REQUIREMENT - Return every line from the one with "Pont de la légion" through the one with "Desain Interior Ruang", inclusive, exactly as it appears below.

DATA FOR THE TASK -

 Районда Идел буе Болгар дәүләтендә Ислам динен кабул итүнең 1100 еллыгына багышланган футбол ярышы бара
---
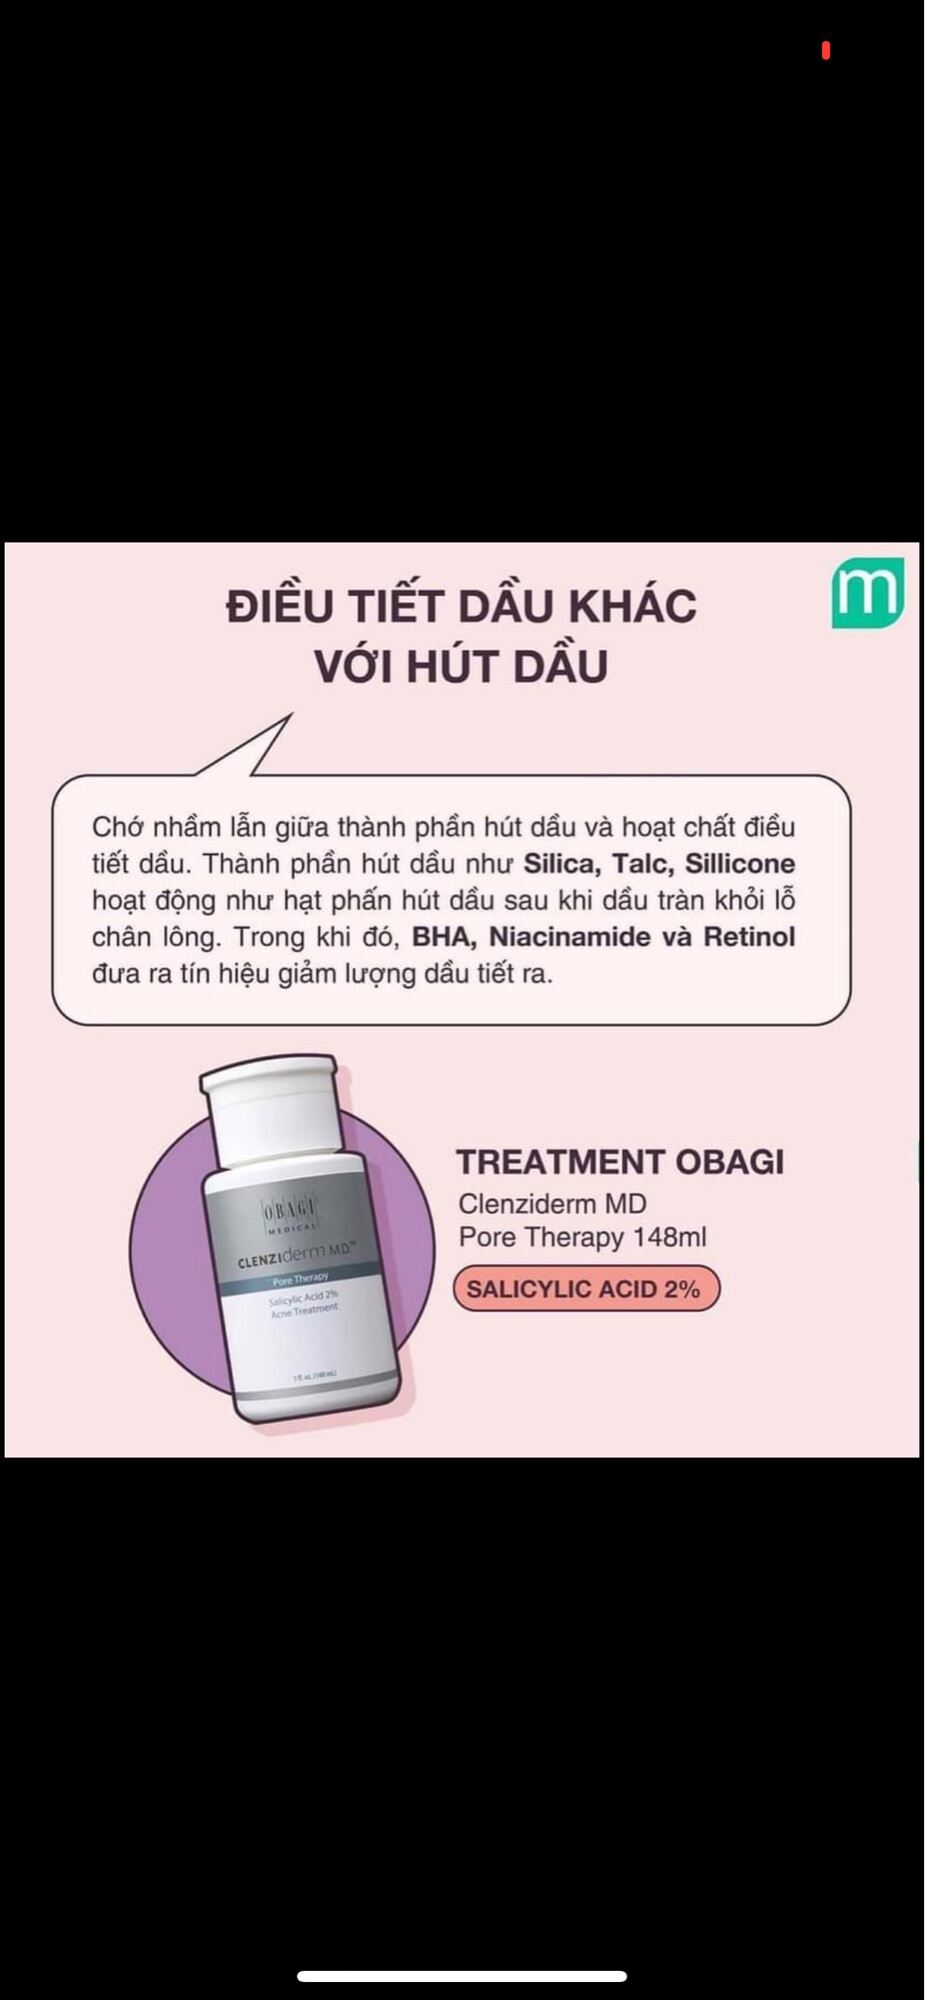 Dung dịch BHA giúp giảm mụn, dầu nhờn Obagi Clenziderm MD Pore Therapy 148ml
* * *
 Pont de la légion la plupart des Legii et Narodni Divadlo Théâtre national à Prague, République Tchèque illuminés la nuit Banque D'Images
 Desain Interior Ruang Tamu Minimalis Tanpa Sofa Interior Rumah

ANSWER -
 Pont de la légion la plupart des Legii et Narodni Divadlo Théâtre national à Prague, République Tchèque illuminés la nuit Banque D'Images
 Desain Interior Ruang Tamu Minimalis Tanpa Sofa Interior Rumah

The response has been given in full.